Like the butterfly’s wings causing a storm thousands of miles away, SNOWBALL reveals how one small act can affect so many people’s lives. It also points out that no matter how cruel an individual may be, there could always be one person who loves them.


As gently as falling snow, it’s a story piling layer upon layer of horror, until the reader is weighed down by all that’s happened but continues hoping for a Happy Ending, that everything will turn out all right. After all, it’s Christmas Eve, isn’t it? Bad things can’t happen on Christmas Eve.


Can they?



Snowball

By Shawn Macomber

(for Rue Morgue.com)

August 2020


New Hampshire author Bastianelli follows up a pair of clever, underappreciated shockers, LOONIES (2015) and JOKERS CLUB (2011), with this delightfully deranged tale that reads like a Greatest Hits of Yuletide horror: Modern-day Donner-Party-esque stranding in a blizzard? Check. Ghosts in the squalls? Check. Mystical snow globe? Check. A gang of characters on the Naughty List? Check. "Twisted toymaker"? Check. Murderous supernatural creatures stalking? Check.


SNOWBALL isn't going to be optioned as a Hallmark holiday movie of the week anytime soon, but if you want a Halloween-infused Christmas terror tale to help get you through this long, hot quarantine summer, Bastianelli has got you covered ... with several feet of bloodsoaked snow.



Snowball

By Seven Jane

(for The Nerd Daily)

January 2020


In "Snowball", an upcoming holiday horror/thriller from author Gregory Bastianelli, the ghosts of winters past come out to play when a group of weary travellers find themselves snowbound on Christmas Eve.
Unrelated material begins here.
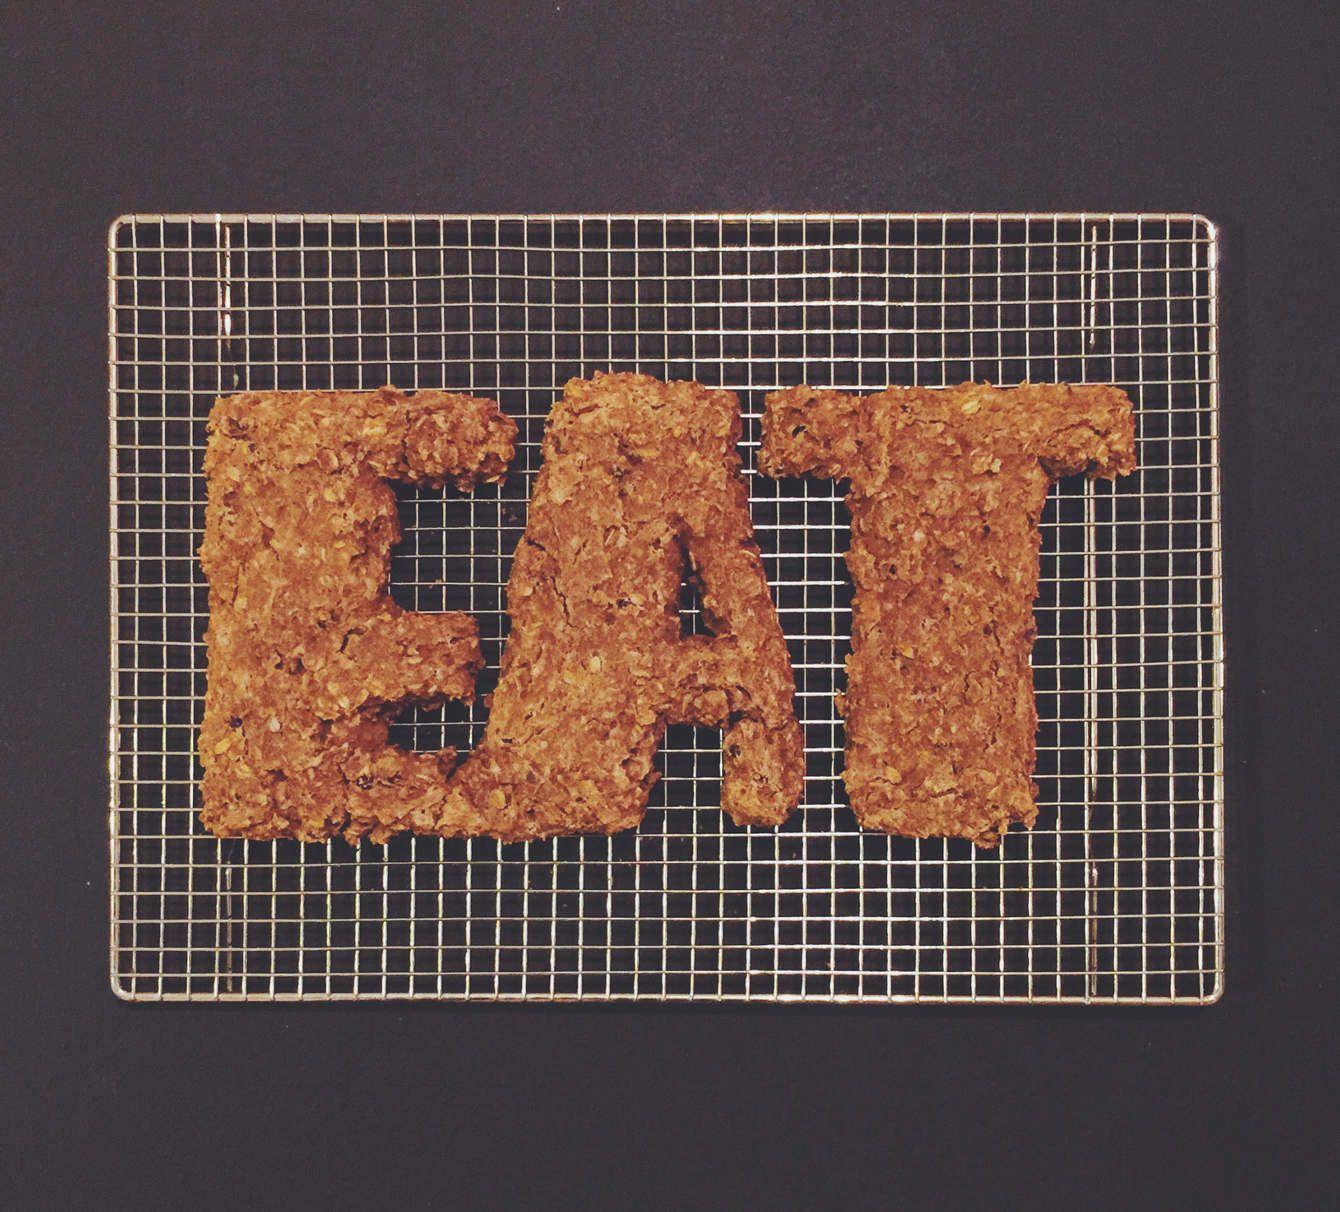 RANDOM FOOD LETTERING - Becca Clason - Lettering Artist & Stop-Motion Animator
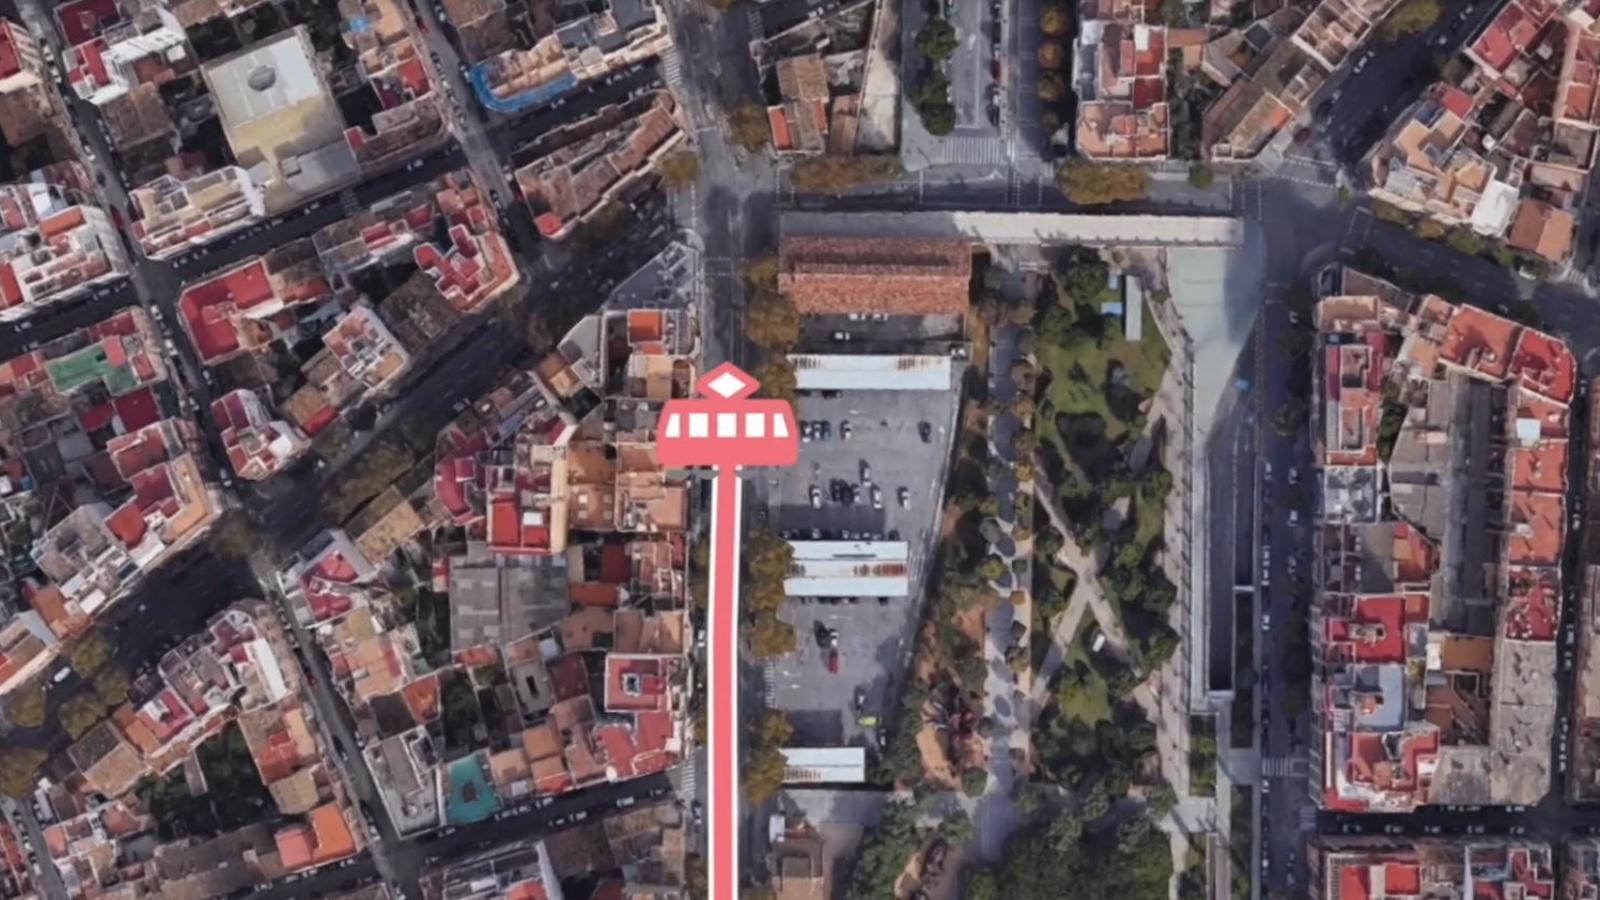 Tramvia plaça d'Espanya a Son Espases

The only problem is: the road they thought they were travelling has just taken them somewhere very different than they expected, and there are no gifts waiting on the other side of the blizzard for this unlucky caravan.


Bastianelli has assembled an ensemble cast of holiday commuters for his trip to holiday hell-including the quintessential executive, the freshly-engaged college couple, a single mother towing her kids, a trucker, an elderly couple in an RV and more. Giving unique voices and winter torments to each traveller is something of a speciality for Bastianelli, who manages to create holiday torments that ring true for each passenger ... and each reader.


The story's shtick is in its title, "Snowball", a process that starts from something small and builds upon itself, becoming graver through the inertia of its own momentum as it becomes disastrous. It's a clever pun for the tale's delicate if unrelenting tension-building arc, which not only connects all the seemingly unrelated travelers, but dooms them to share the same unfortunate fate as the weight of their past indiscretions bears down in an avalanche upon them all. Each of our travellers is on their way to the same frozen end, with some particularly chilling surprises in store for the naughtier on Bastianelli's list. A word of warning to the reader: don't get too cosy with any characters you meet on this journey home for the holidays ... some don't last, and most are not what they seem.


At times seeming to borrow heavily from recent holiday horror film "Krampus", "Snowball" brings together contemporary interpretations of some of the darker folktales of the Yuletide, along with modern-day horrors and a sprinkling of Jack the Ripper-esque brutality to tie the festivities together. Whether it's the Scrooge and Marley-like strained (or, I could say, more precisely, chained) business relationship between a twisted toymaker and his former business partner, carnivorous snowmen, a certain birch switch-swishing, children-snatching beasty of legend, or the Iceman, a murderous, ice tong wielding madman, Bastianelli serves up the perfect holiday monster for every reader (Frankly, there's a couple travellers that this reader found a mite creepy, too).


It's all in good spirit, though, because what would Christmas be without a little bit of fun to brighten revellers' appreciation of the season? For a holiday that comes only once a year, there's no time to waste; the game is already afoot.


If you're looking for something to keep you cosy on cold winter nights, then find something else to read because there are no warm holiday tidings to be found here. But, if you'd prefer to spend the darkest nights of the year shivering as you await the temps to rise and the sun to return, then this is the holiday horror you've been waiting for.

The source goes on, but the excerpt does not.